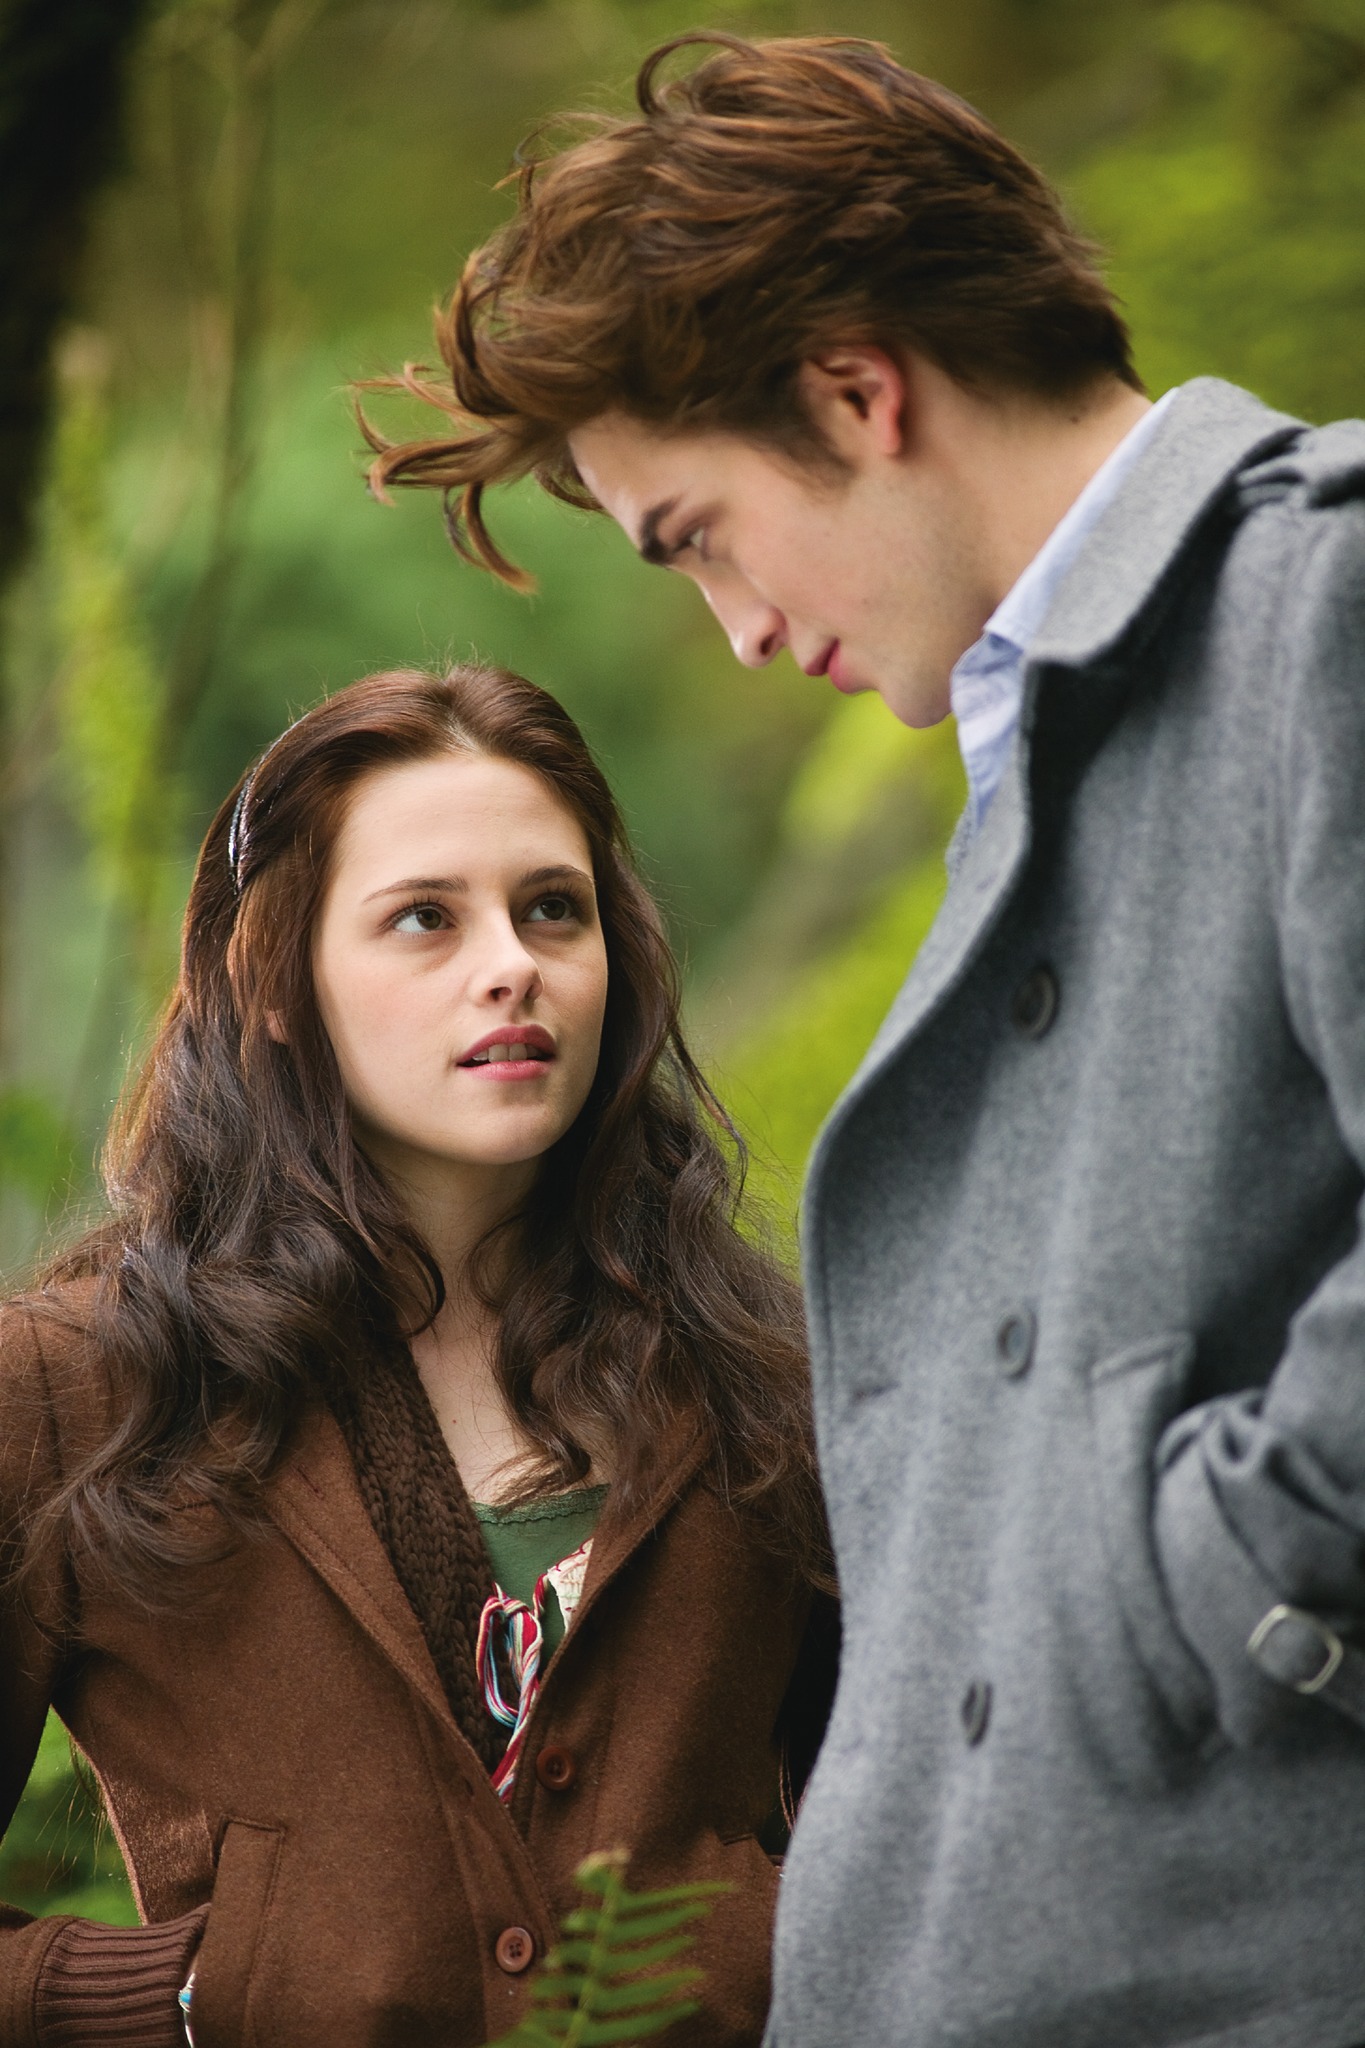 Kristen Stewart and Robert Pattinson in a behind-the-scene picture from 'Twilight'
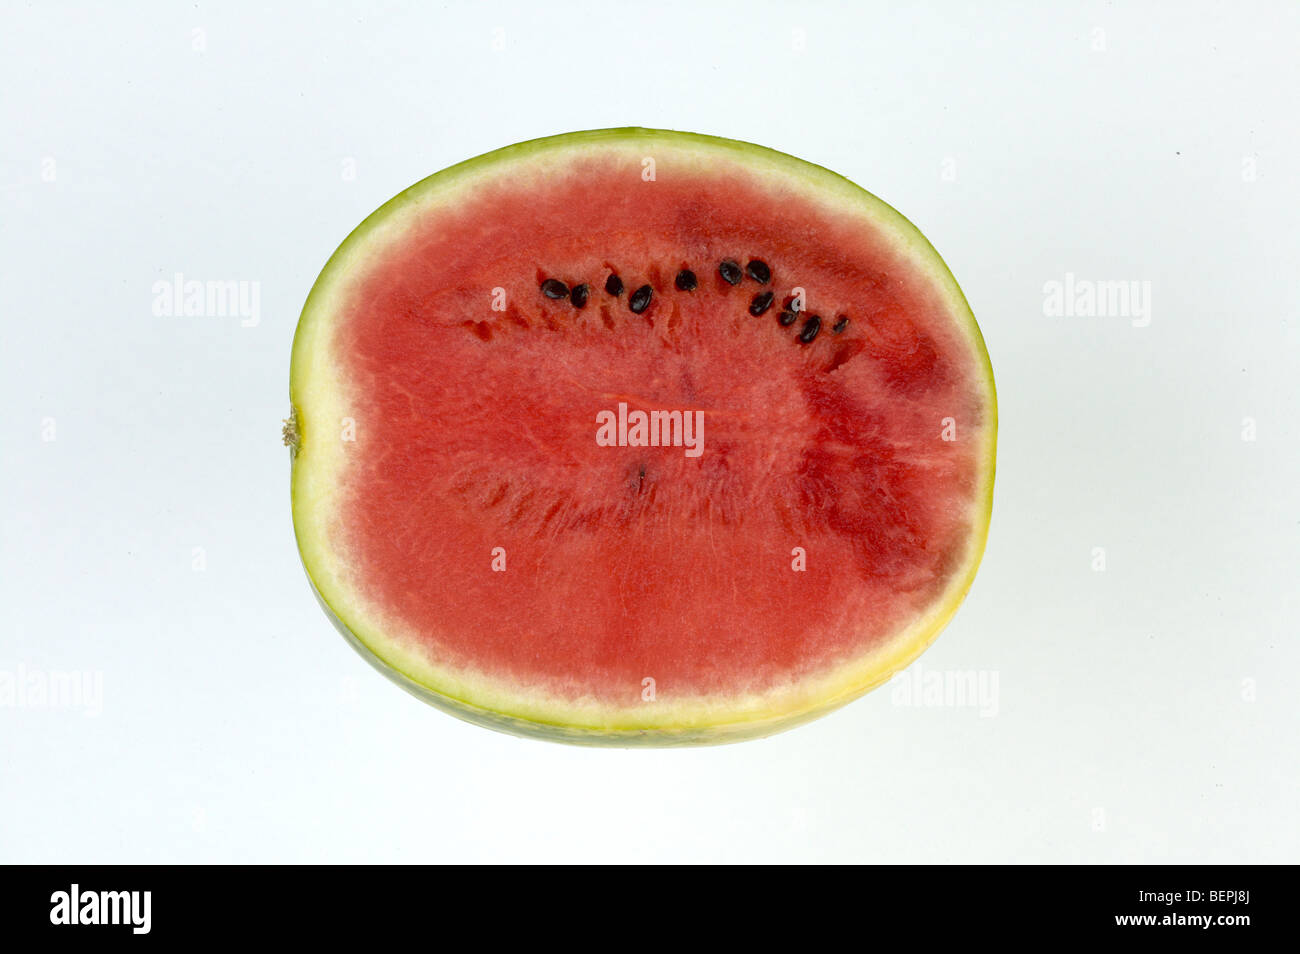 Studio shot of water melon cut in half and suspende in mid air Stock Photo
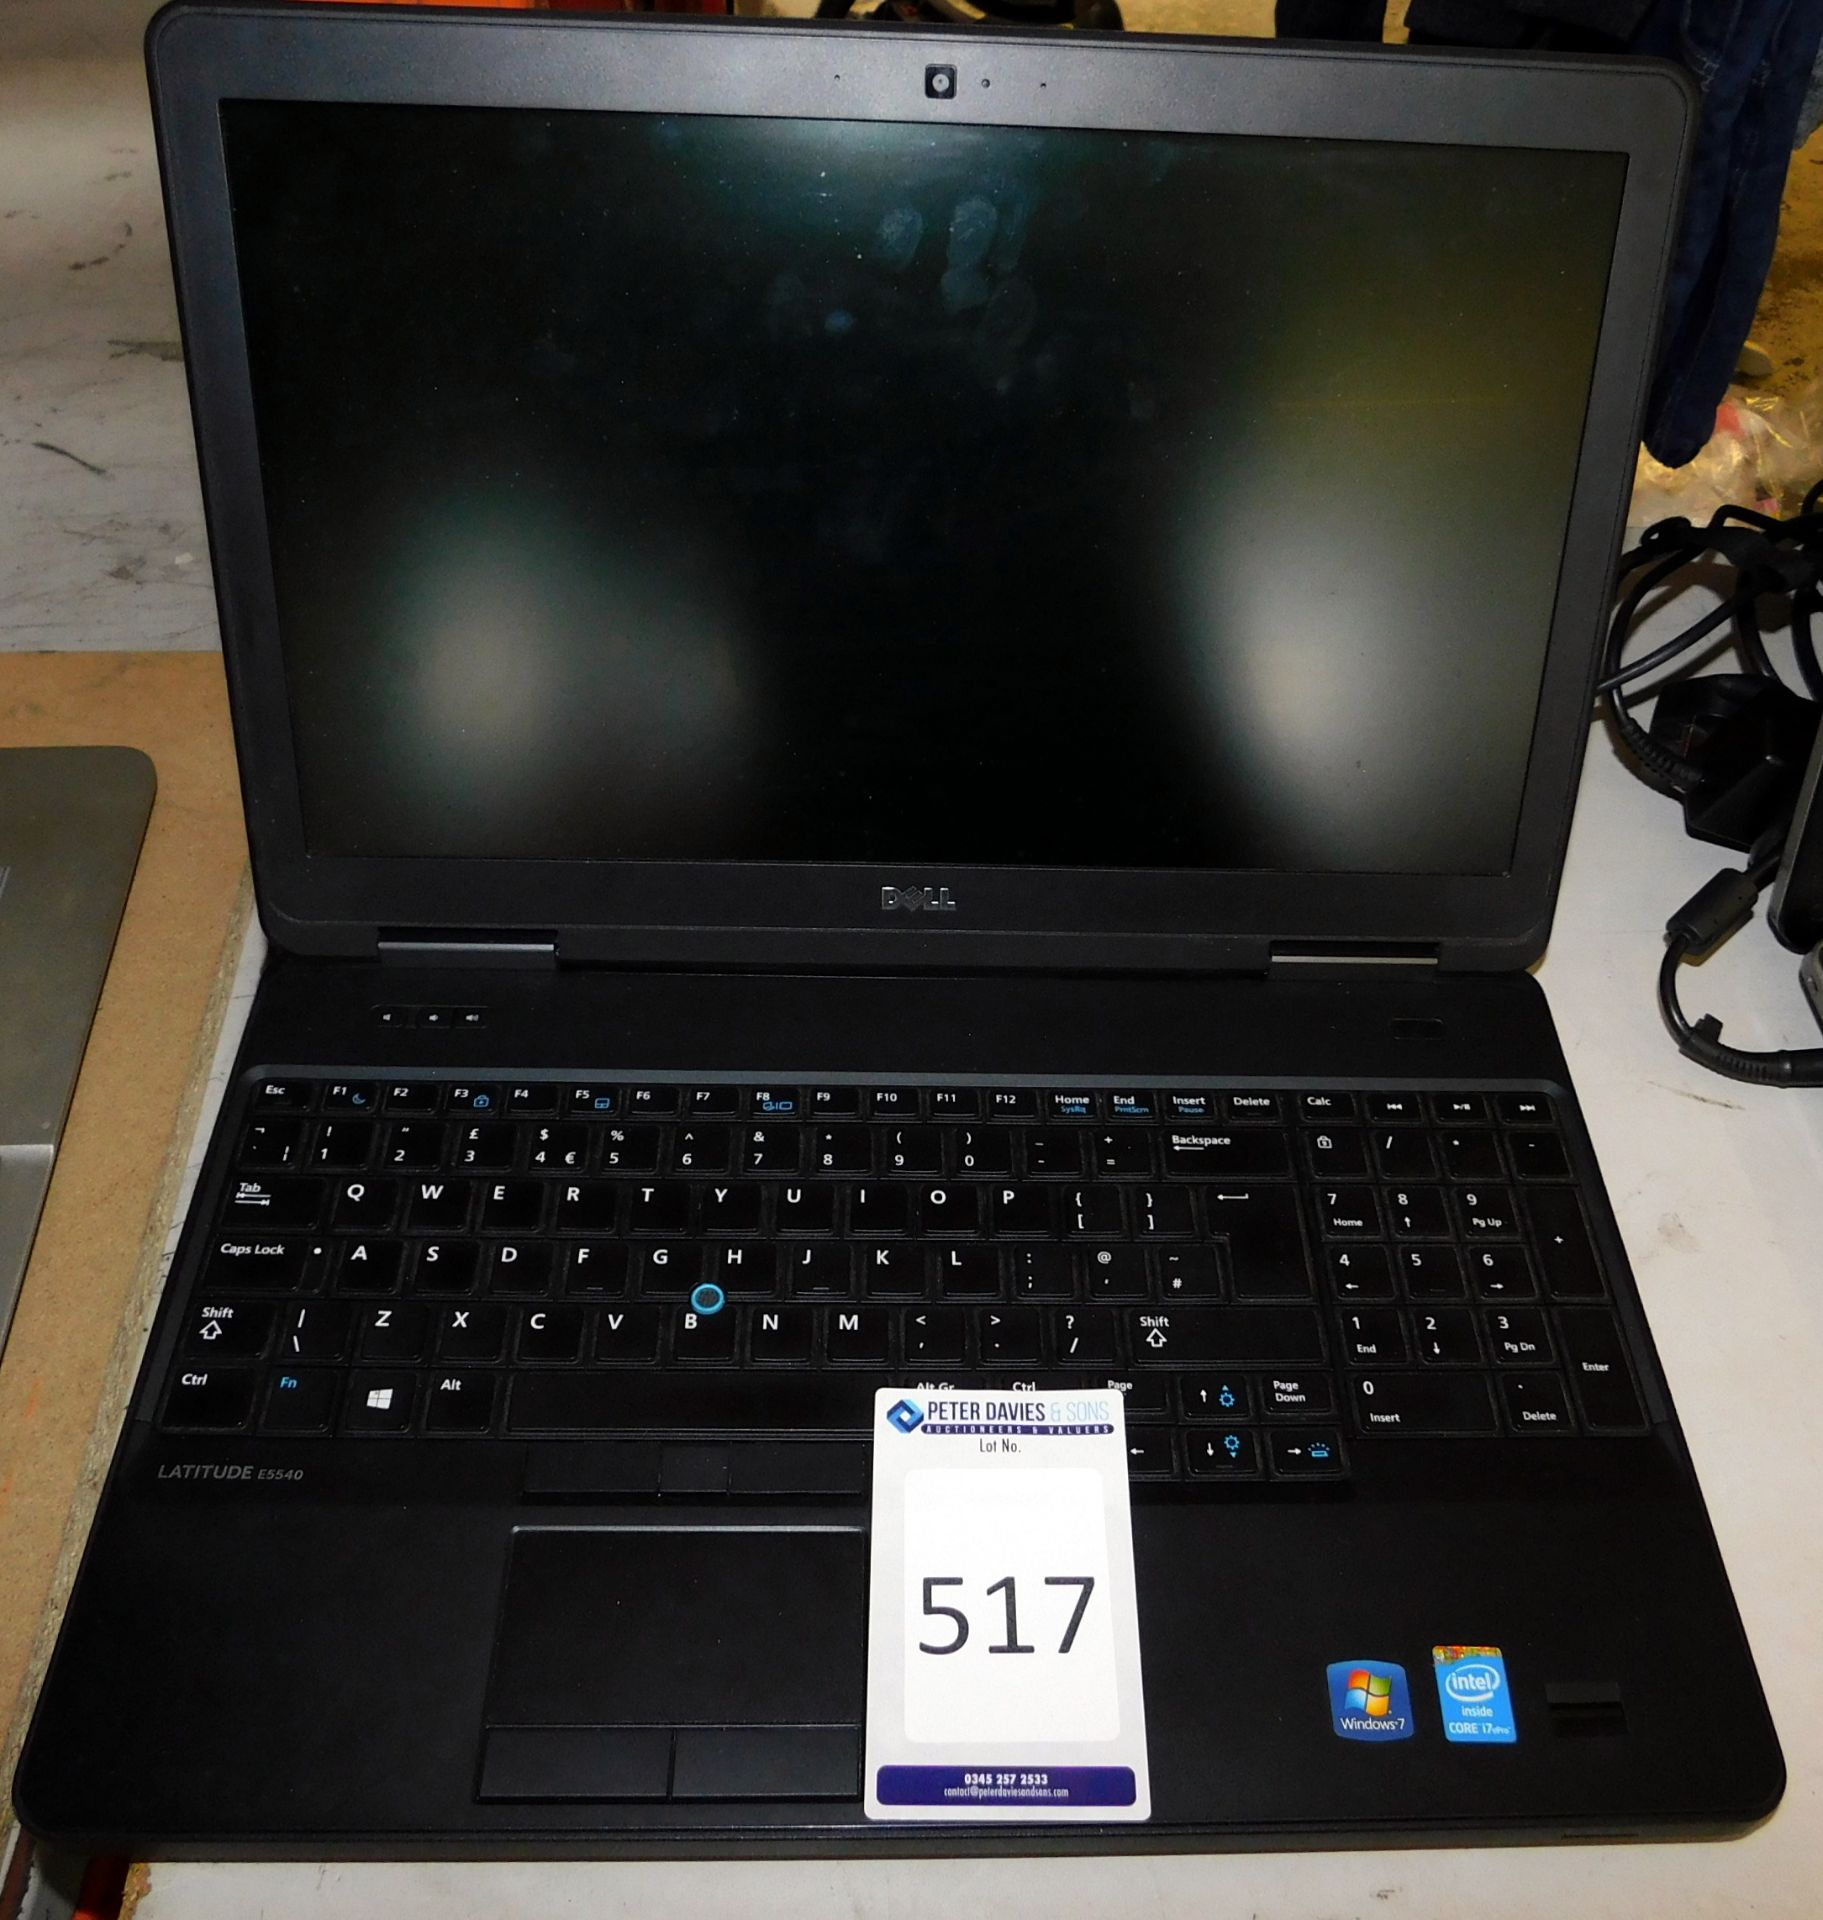 Dell Latitude E5540 i7 2.1ghz Laptop with 8gb RAM, 320gb HDD (Located Stockport – Viewing by
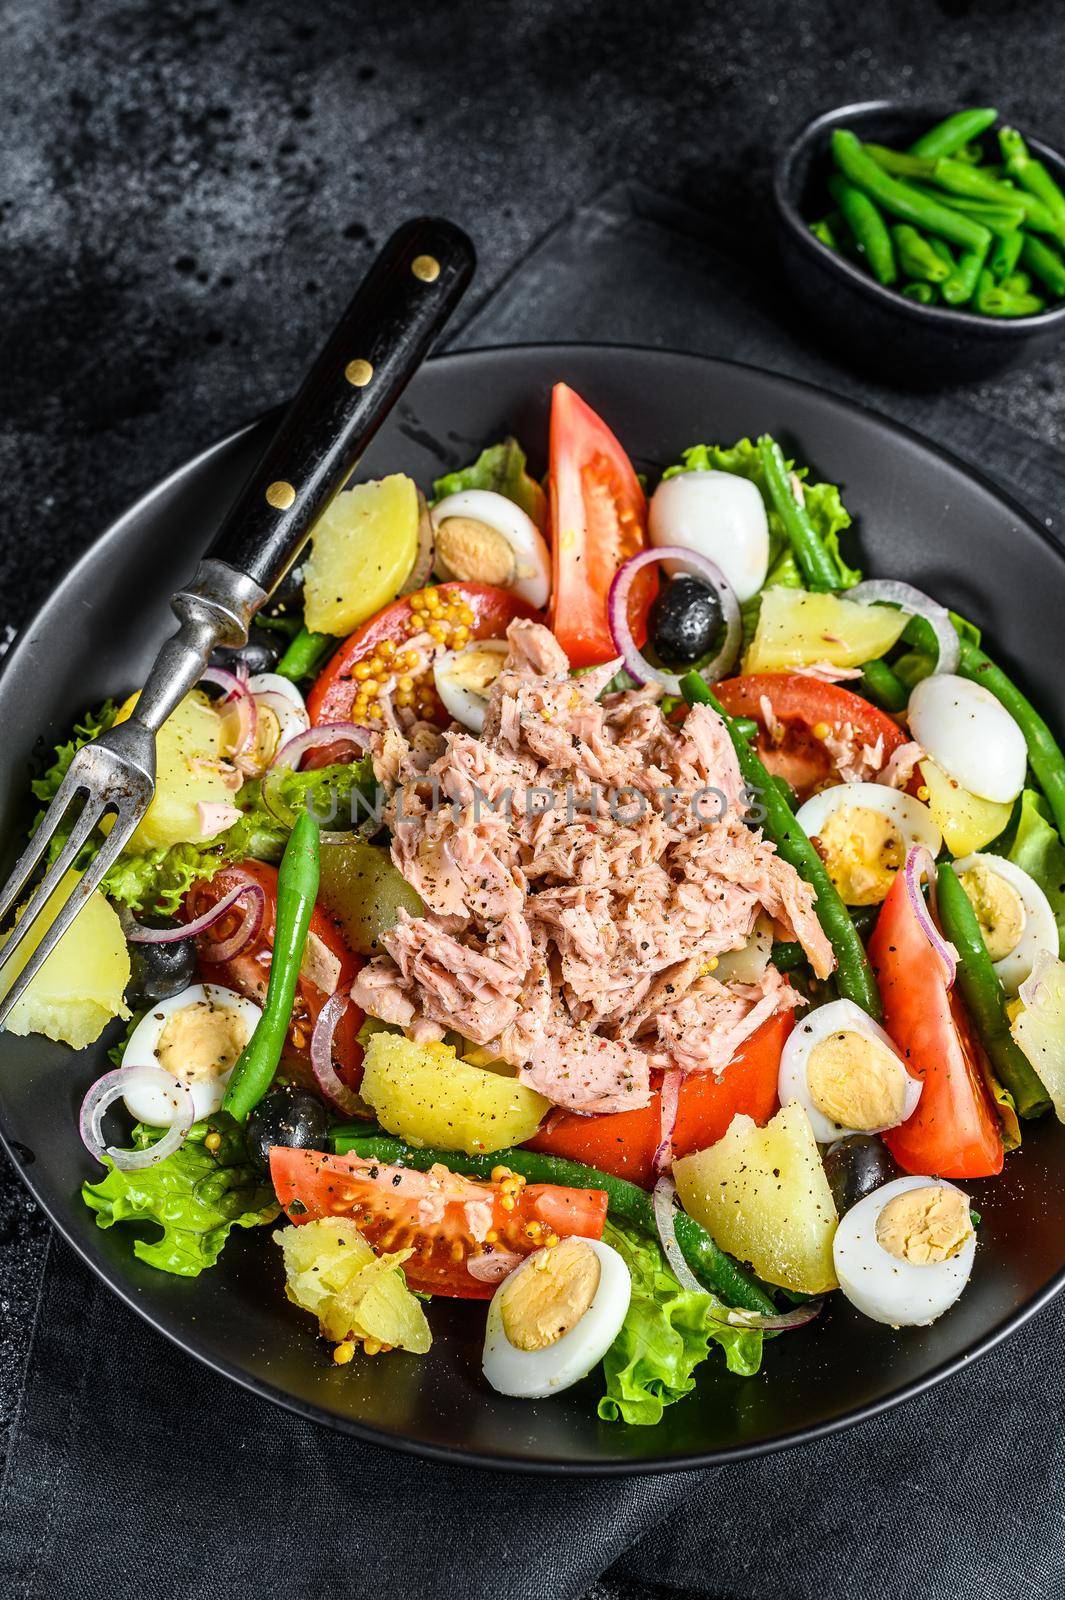 Tuna salad nicoise with vegetables, eggs and anchovies in a plate. Black background. top view by Composter

━━━━━━━━━━━━━━━━━━━━━━━━━━━━━━

Write out only the lines from the line containing "Dell Latitude E5540" through the end of the material above, both end lines included. Pictures are not written out.

 Dell Latitude E5540 i7 2.1ghz Laptop with 8gb RAM, 320gb HDD (Located Stockport – Viewing by
 Tuna salad nicoise with vegetables, eggs and anchovies in a plate. Black background. top view by Composter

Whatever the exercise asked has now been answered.